#### [Task description]
Everything in the listing should be transcribed exactly, apart from the pictures.

#### [Recorded information]
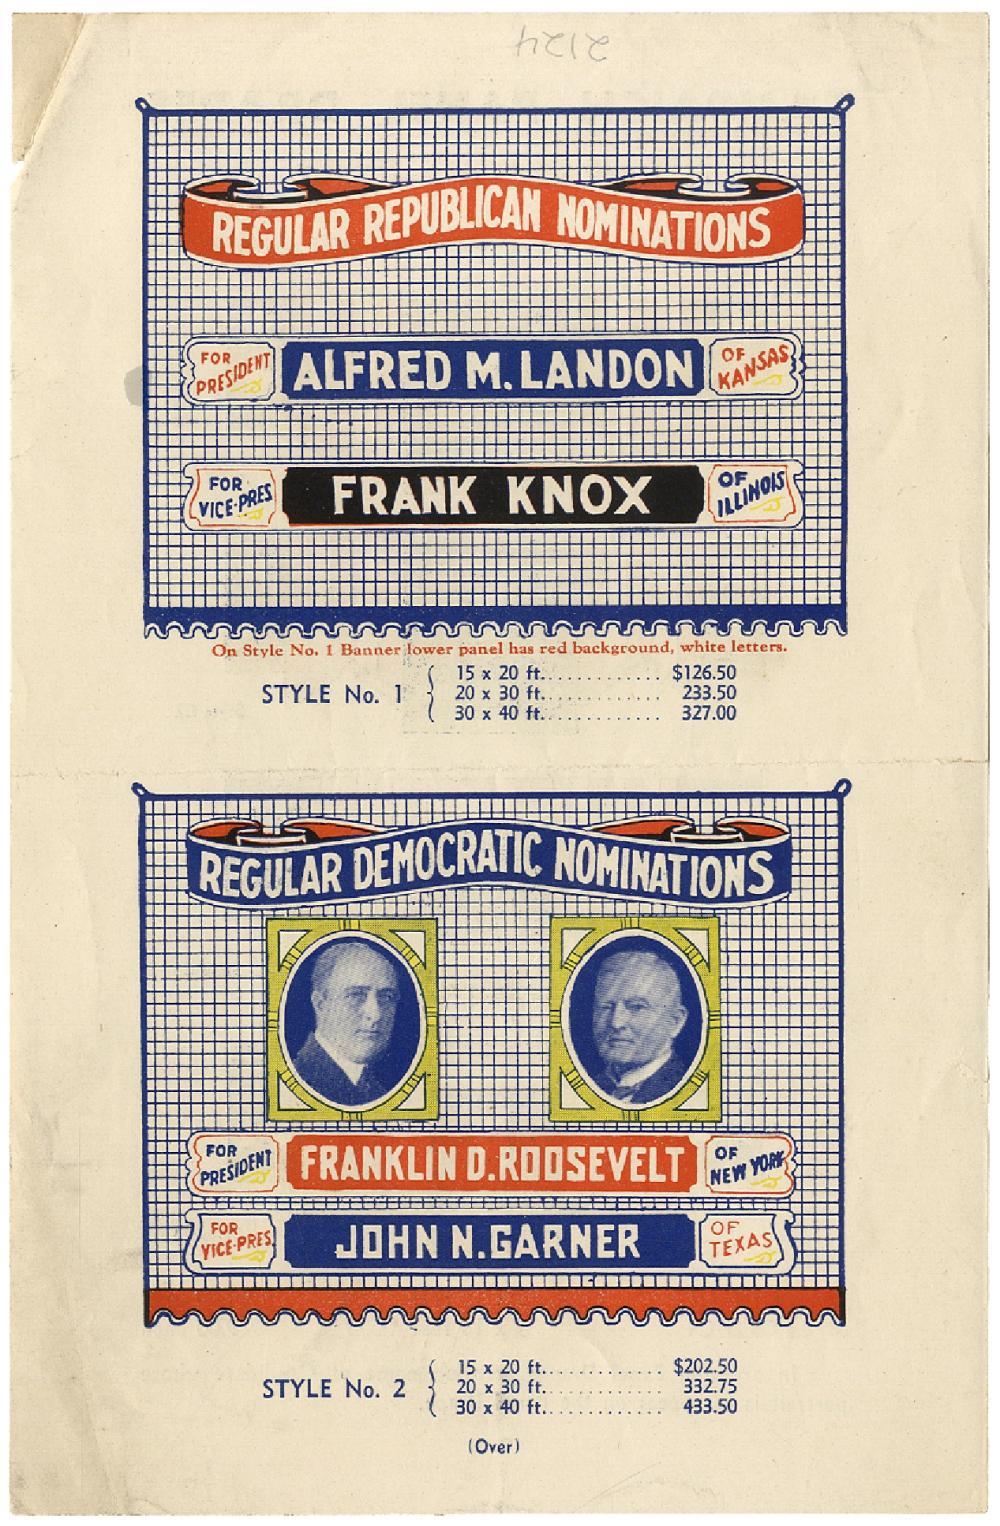 1936 ADVERTISING FOR PRESIDENTIAL PANEL DRAPES
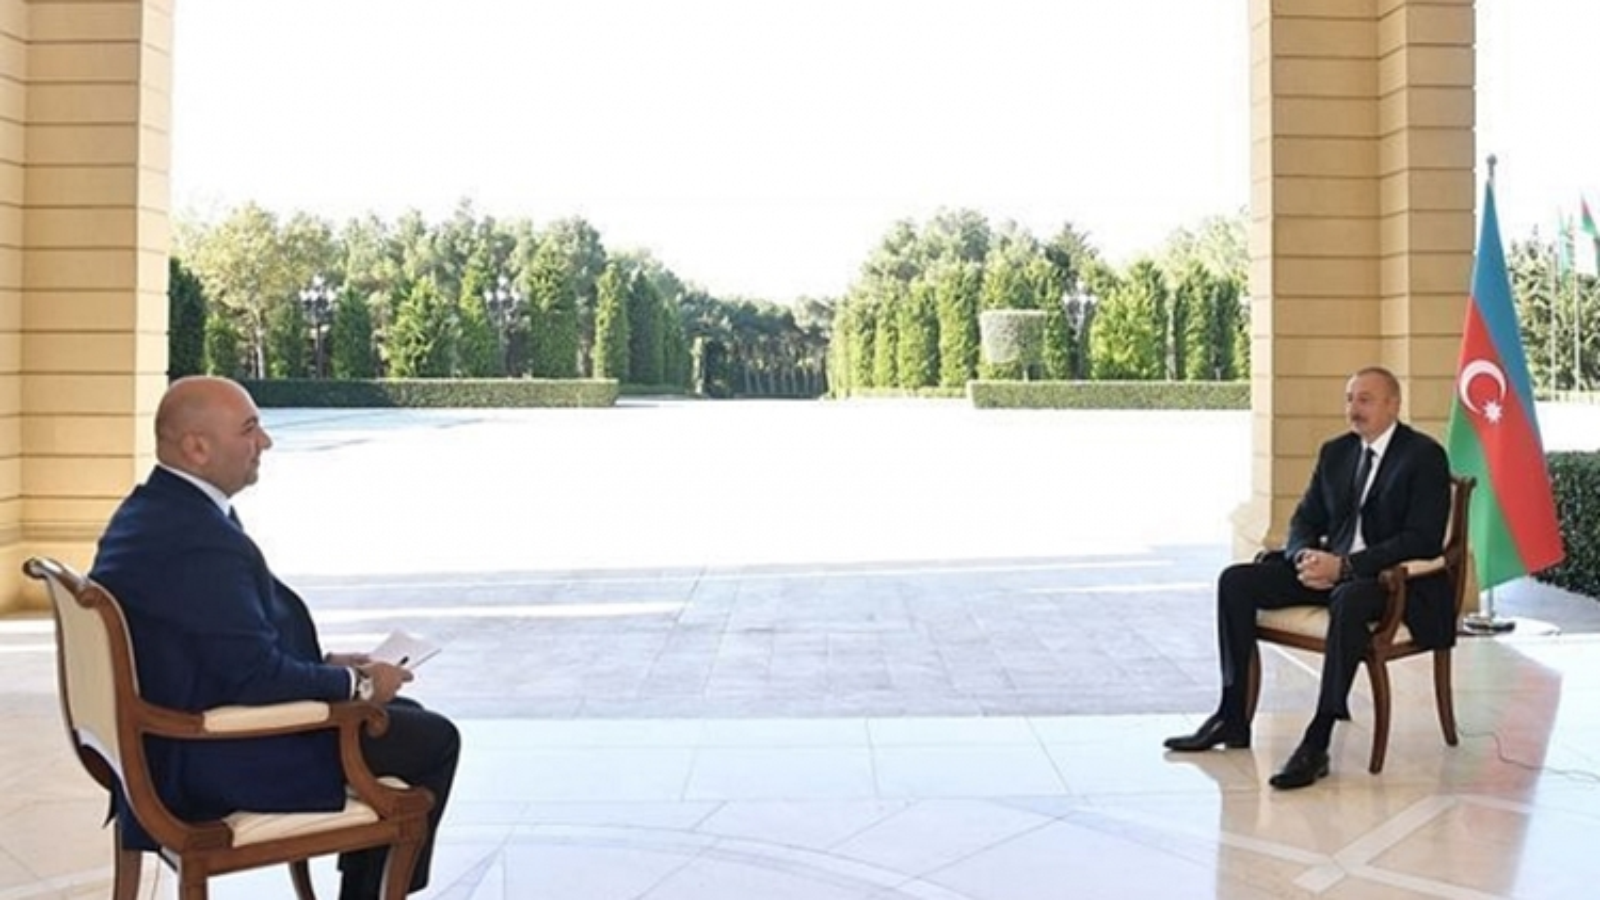 """Tổng thống Azerbaijan hứa hẹn """"cuộc sống tốt hơn"""" cho dân Armenia ở Nagorno-Karabakh"""
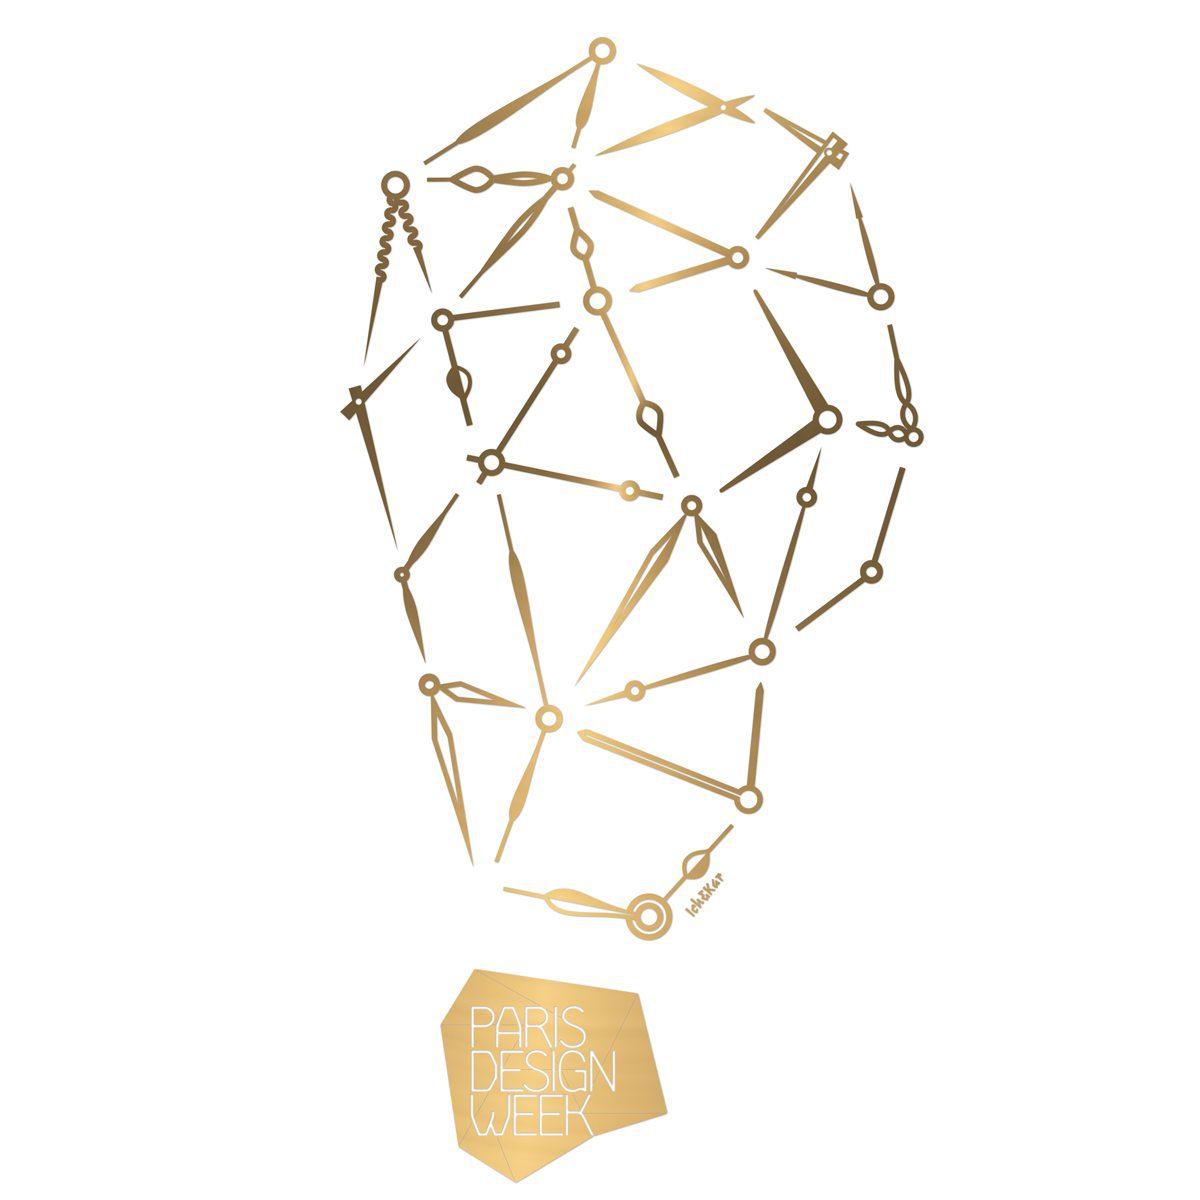 Dessin Precious Time de Ich&Kar pour la Paris Design Week 2015 - Motifs d'aiguilles dorées de montre. Image d'aiguilles qui remontent le temps que nous n'avons plus
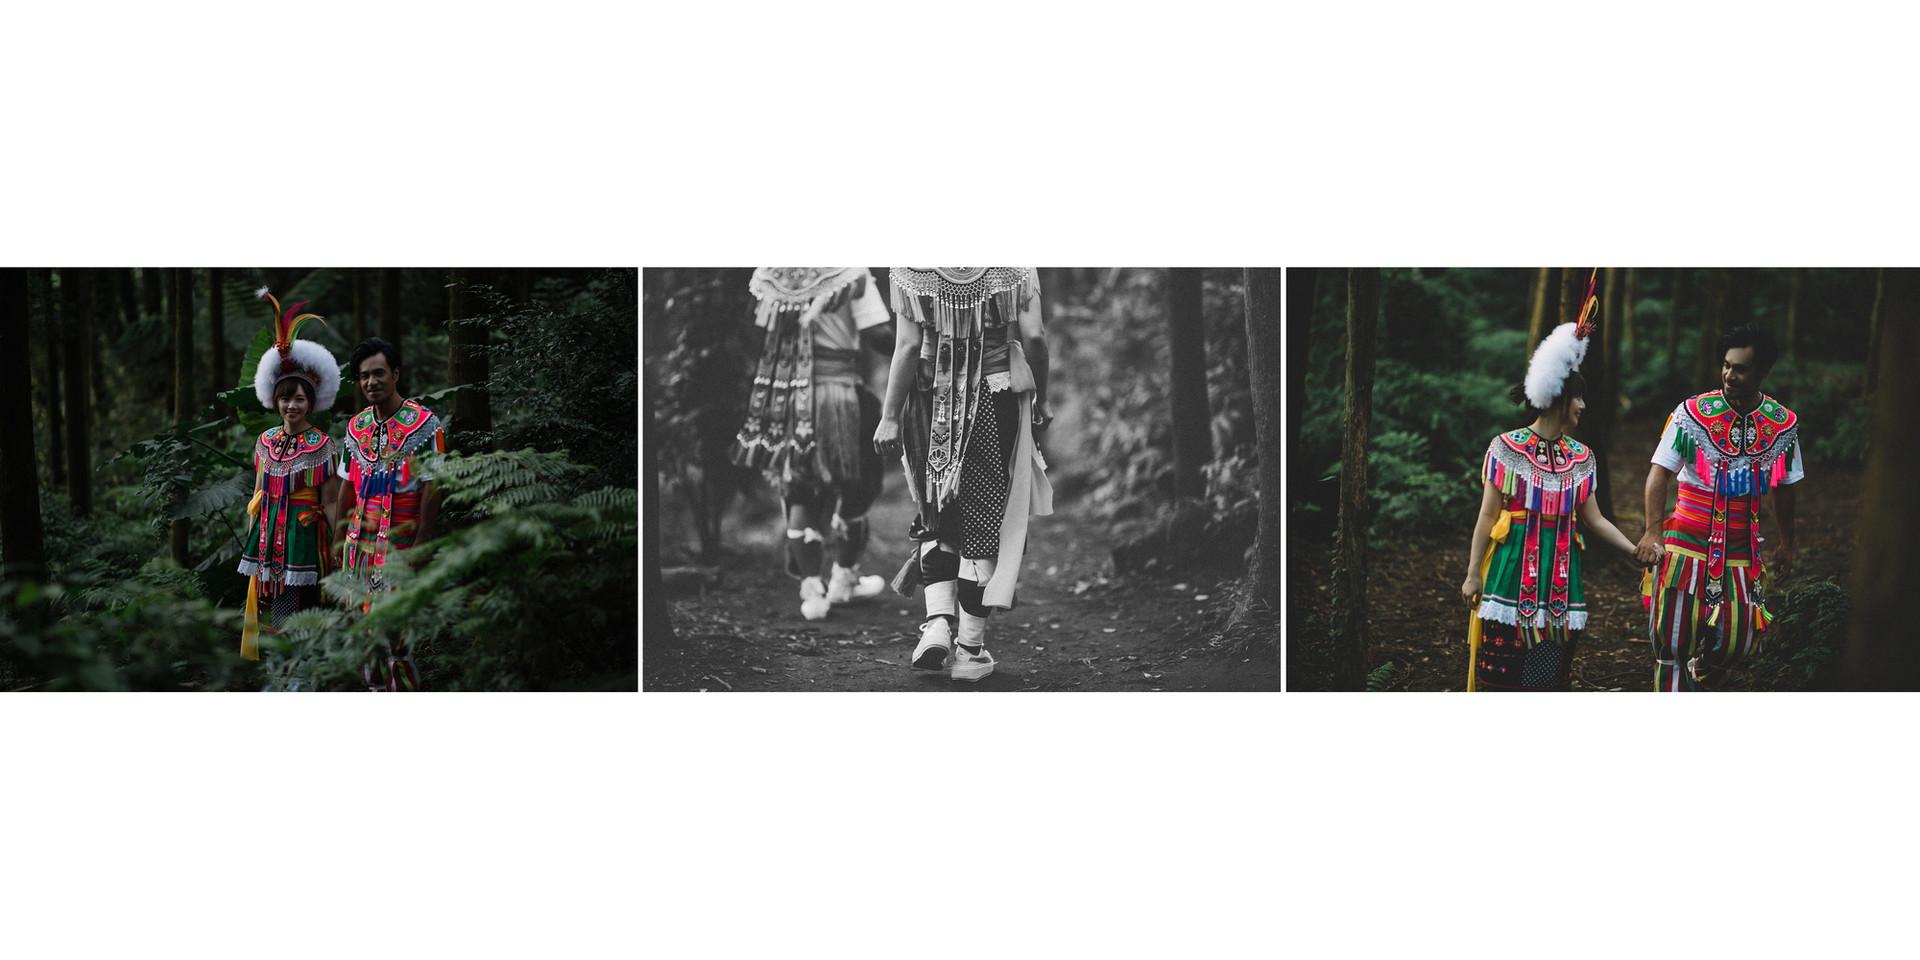 黑森林 / 迪化街 / 花卉試驗中心  / 柴犬 / 寵物婚紗 / 自然捲棚拍 / 素人寫真

#### [Answer to this exercise]
 1936 ADVERTISING FOR PRESIDENTIAL PANEL DRAPES
 """Tổng thống Azerbaijan hứa hẹn """"cuộc sống tốt hơn"""" cho dân Armenia ở Nagorno-Karabakh"""
 Dessin Precious Time de Ich&Kar pour la Paris Design Week 2015 - Motifs d'aiguilles dorées de montre. Image d'aiguilles qui remontent le temps que nous n'avons plus
 黑森林 / 迪化街 / 花卉試驗中心  / 柴犬 / 寵物婚紗 / 自然捲棚拍 / 素人寫真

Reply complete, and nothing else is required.